Without mixing, it will be very hard for the listener to enjoy the music because all the individual tracks won’t make sense in relation to each other.

Basically, without a proper mix, the listener won’t be able to stay glued to their stereo.

A great mix also ensures that the song sounds amazing on any sound device, whether the song is played in a club, car, laptop speakers, home theater system, etc.

You should also never underestimate music consumers, most do know the difference between a professional and amateur mix or master.

Even though they don’t know the science, they can definitely separate a great mix from a poor-quality song.

Mixing is necessary to ensure that the consumer enjoys the music no matter where it’s being played.

Can You Master Your Own Music?

When it comes to mastering, most (if not all) professional engineers will tell you not to master your own music.

Think about it, you’ve spent countless hours on the song from recording, sound design, production, arrangement, and all the way to mixing.

So at this point, you’ve done everything that you can to make sure that the song sounds incredible.

My question is this; since you’ve done everything you can then what are you going to be doing in the mastering stage? This is why it’s recommended to send your music to a professional mastering engineer to give you a second opinion.

A fresh pair of ears can take a great mix and turn it into an amazing song. They’ll be able to fix some mistakes that you might have missed and help you improve.

Many engineers have helped me improve my mixing skills just through their feedback.

Another advantage is that these pro engineers do mastering for a living, which means they do it almost every day. Also, they usually have the right tools and environment to produce the best results for your mix.

However, that doesn’t mean you can’t master your own music. Obviously, if you know what you’re doing then you can.

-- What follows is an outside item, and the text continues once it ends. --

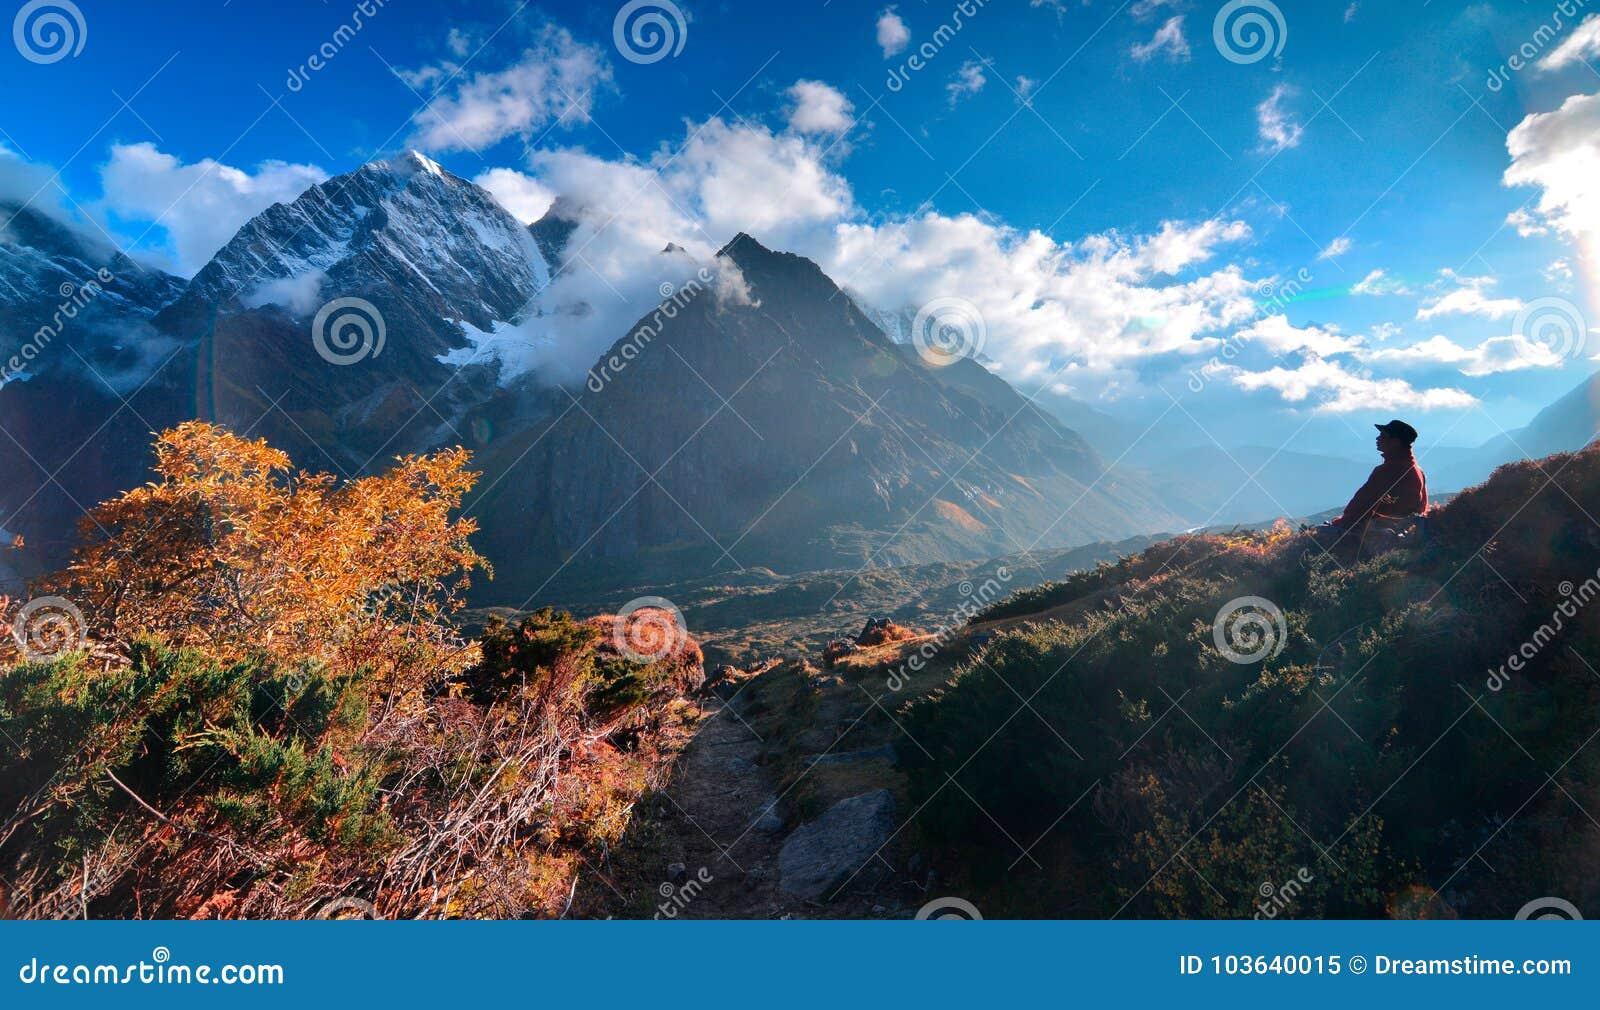 Everest east slope scenery

The best-kept secret of mastering engineers is their well-tuned room. They are known to have "Golden Ears", but the secret is their well-tuned room and professional monitoring system.

If there’s a pin drop in a mix they’ll hear it. Since the room and monitoring are on point the engineer can hear the entire mix clearer and in proper 3 dimensions (height, width, and depth).

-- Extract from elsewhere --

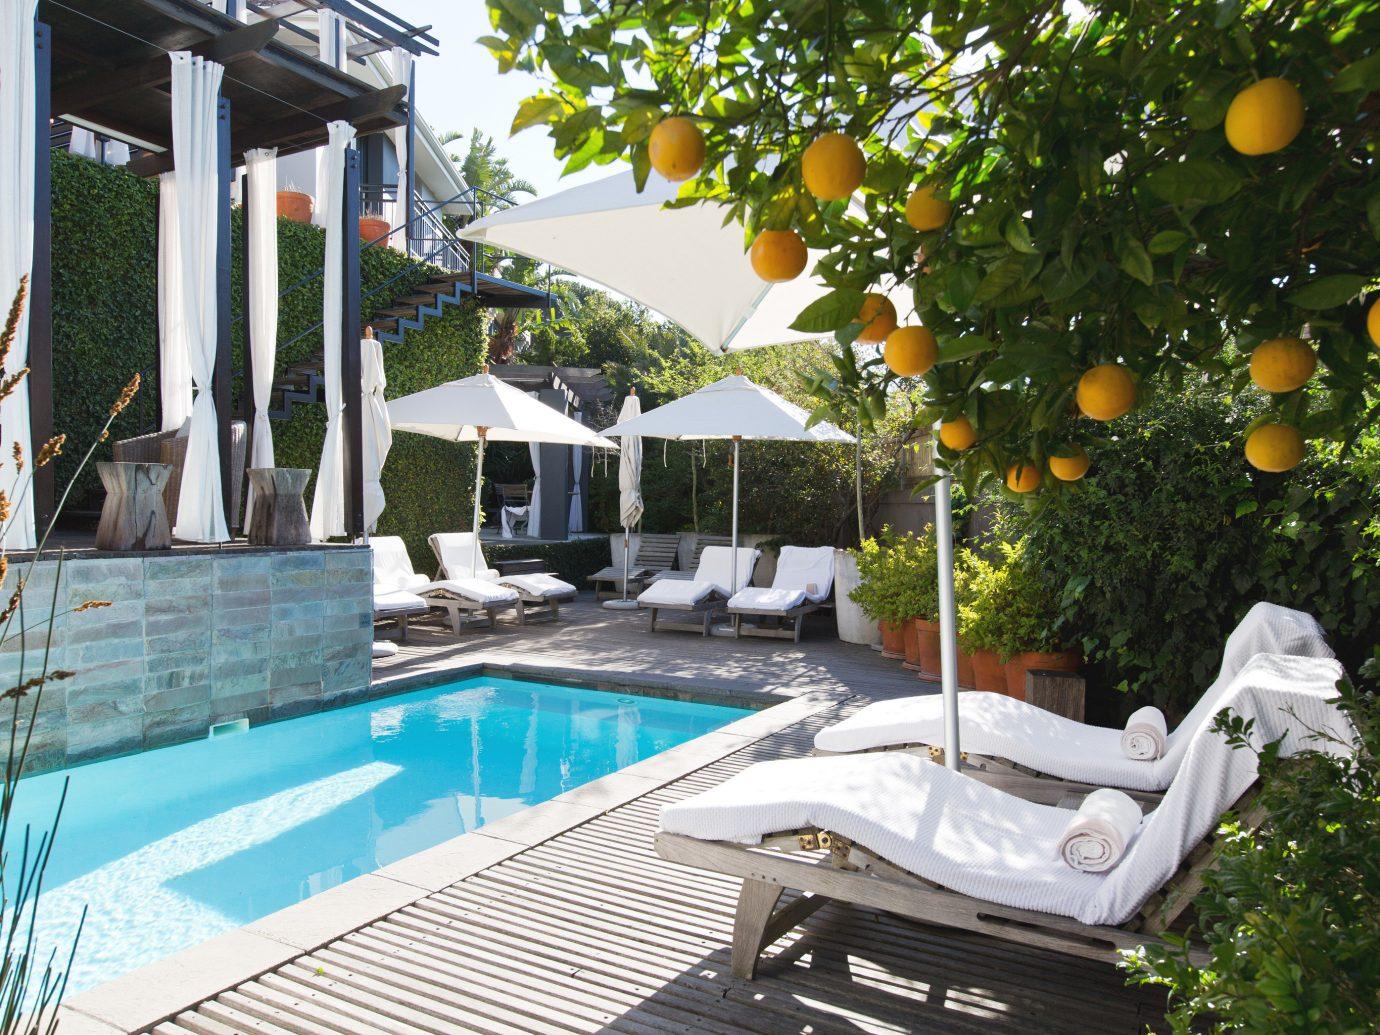 Hotels tree swimming pool property leisure Villa estate backyard Resort condominium home cottage real estate mansion furniture

This is why it’s always wise to let someone else do the mastering for you.

Or you can rent a professional studio to do the mastering. That’s if you have the budget for it. You can also make a deal with studio owners, you give them something of value in exchange for studio time.

Wrap

At the end of the day, this stuff is subjective. I mean, it’s art so there’s no right or wrong it’s just a matter of preference.

But I hope this post does guide you in the right direction and answers some of your questions about what it takes to mix your own music.